I have no intention of making this company better because the administration is all about money and lacks leadership skills. I know why I tooK this job and I took it knowing I was going to be underpaid. I don't want any bad blood but the raise I expect to get after probation is still putting me in the underpaid category.

I basically want to know if I should ask for more now when I meet the HR person.
I would think it very unusual to "pre-negotiate" a raise just after probation. I used to be a team lead, and if one of my team members came to me with a request like that, it would have gotten shot down so fast his head would be spinning. Prove your worth to the company and THEN talk about a raise. Raises are typically performance driven, not just because you show up on time each day. Even more so if the company is cheap, as it sounds like yours is. You would have to show them how you're adding value/saving them money, and then you can talk about a raise.

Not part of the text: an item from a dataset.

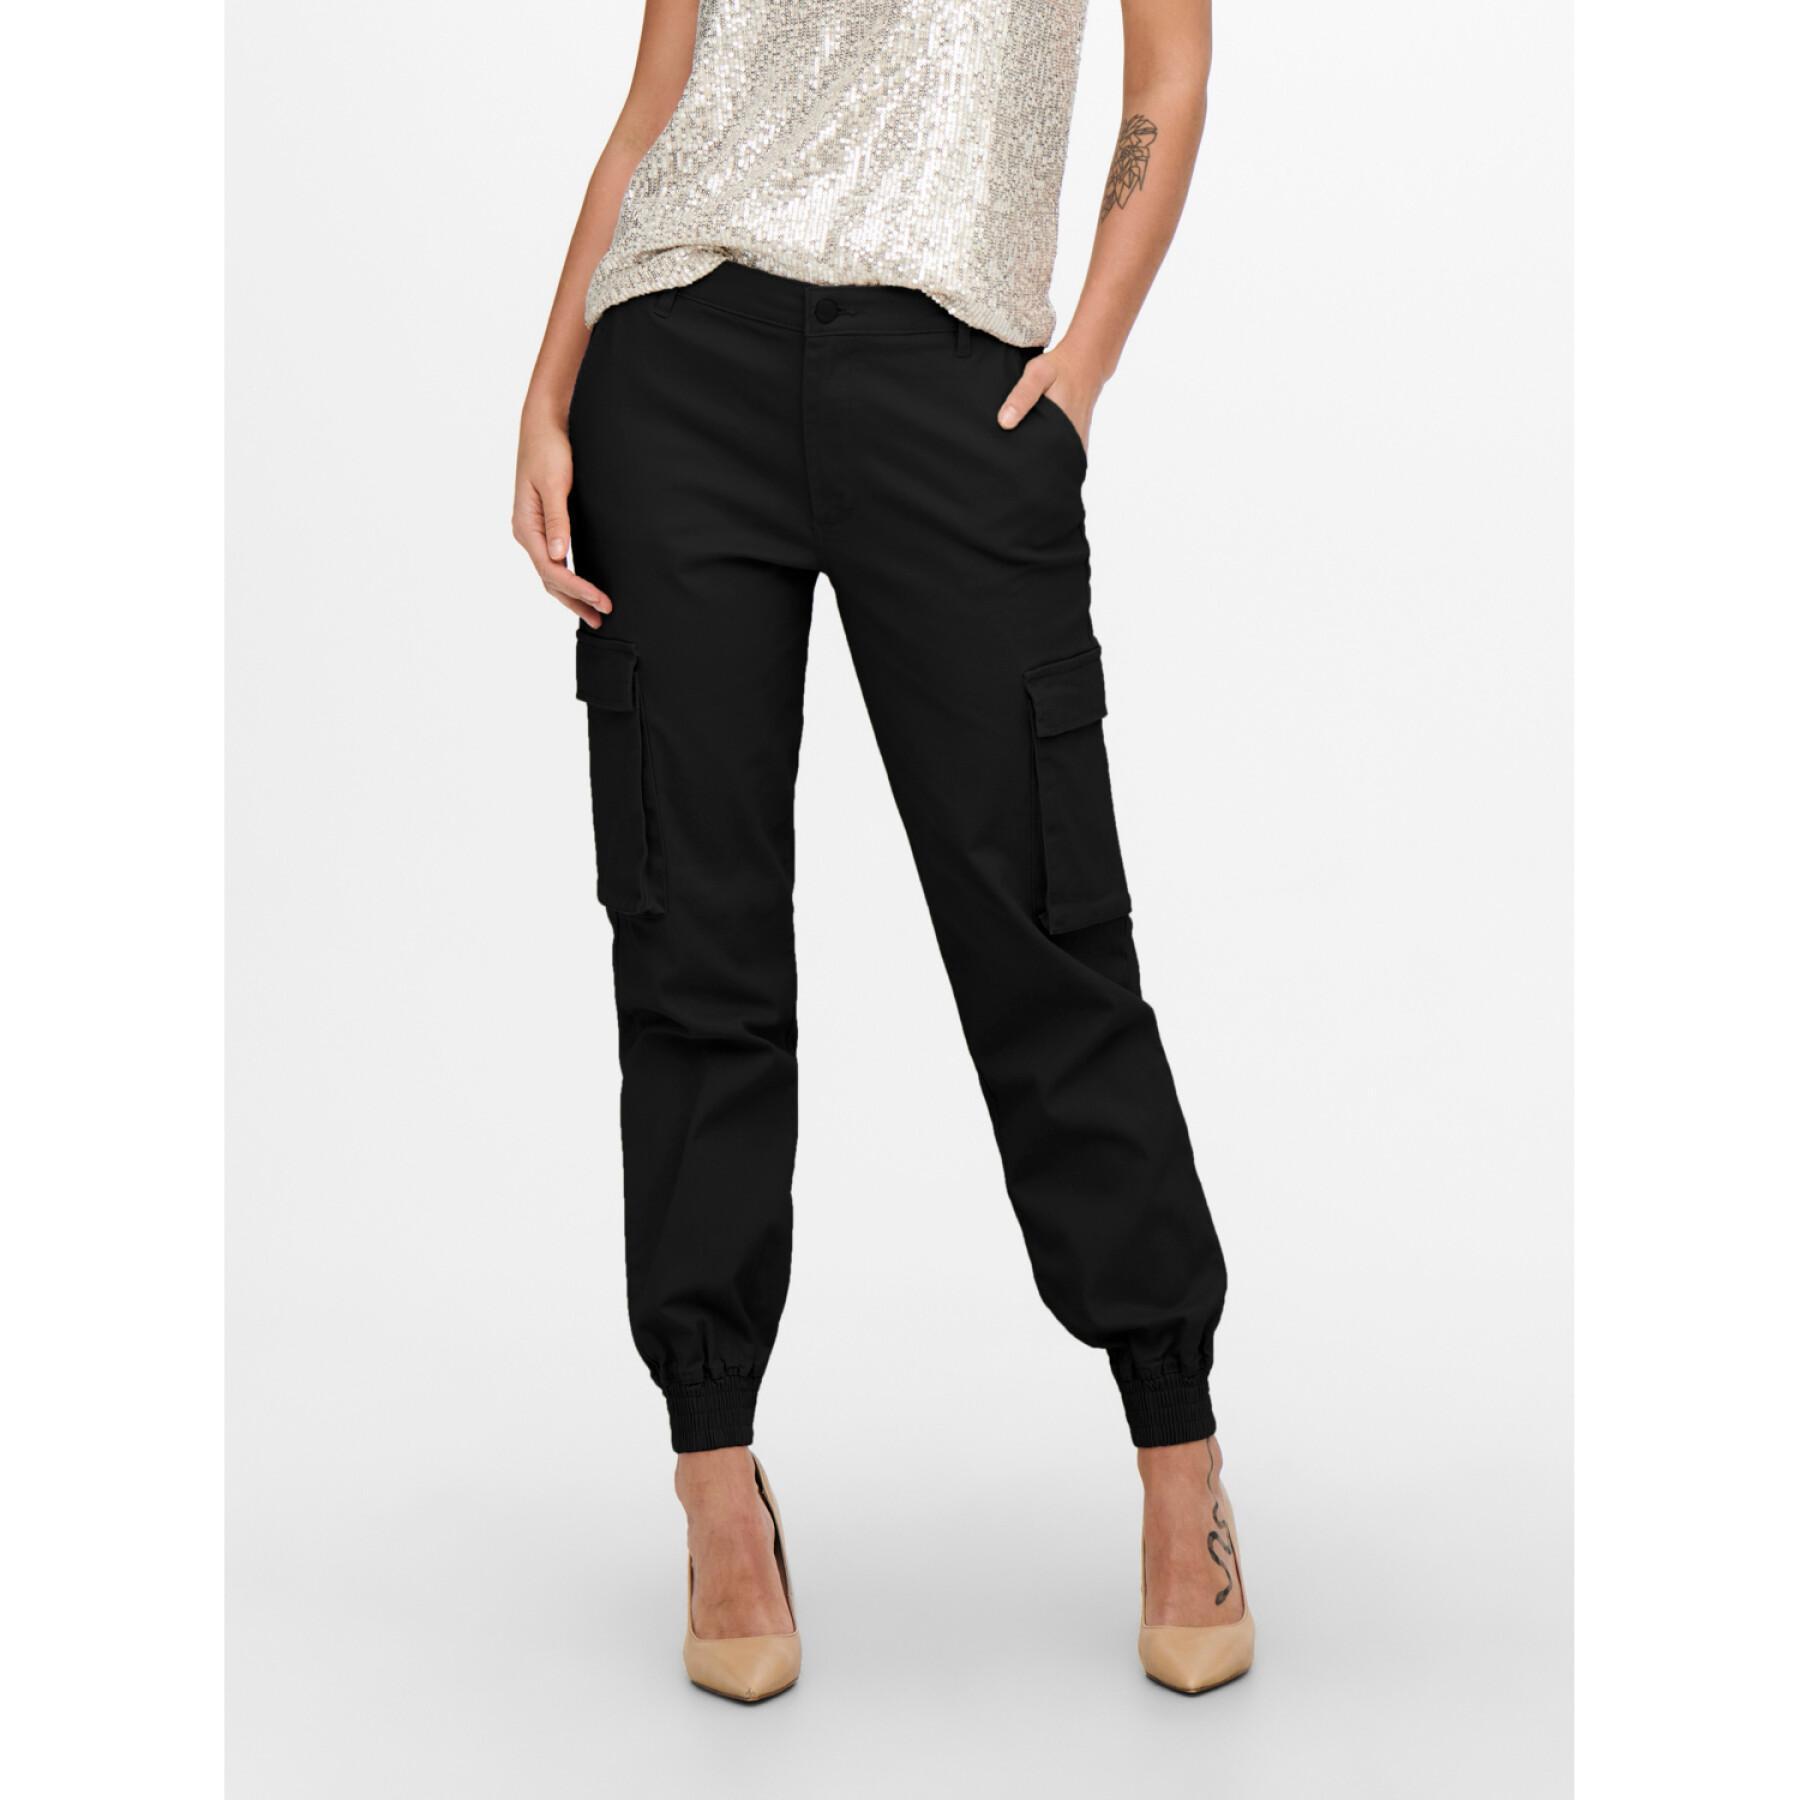 Pantalon cargo femme Only onlb-alva - noir - 40x30

And getting multiple raises in a year? Good luck with that in today's economy. That's a general observation, no idea what your industry/market is like. They might as well just let you walk and hire someone new.

C
Deal Addict
User avatar
Mar 23, 2008
3078 posts
1097 upvotes
Edmonton
And I'm not trying to be rude, BTW. You might be a top performer and a wonderful human being, I have no idea. But with most companies, you have to show them justification for a raise. And you haven't done that if you're not even done your probation yet.

C
Deal Expert
Aug 2, 2004
23020 posts
2020 upvotes
Aurora
flyingnurse wrote:
May 19th, 2017 5:45 pm
I have no intention of making this company better because the administration is all about money and lacks leadership skills.
Based on your name, I'm assuming you're a nurse or in the medical field.

Your comment that the company is only concerned about money. How are you any different?

I understand that you plan to leave for greener pastures, but you need experience and people will question why your tenure was so short at your first position.

I would not mention your intentions to leave to anyone.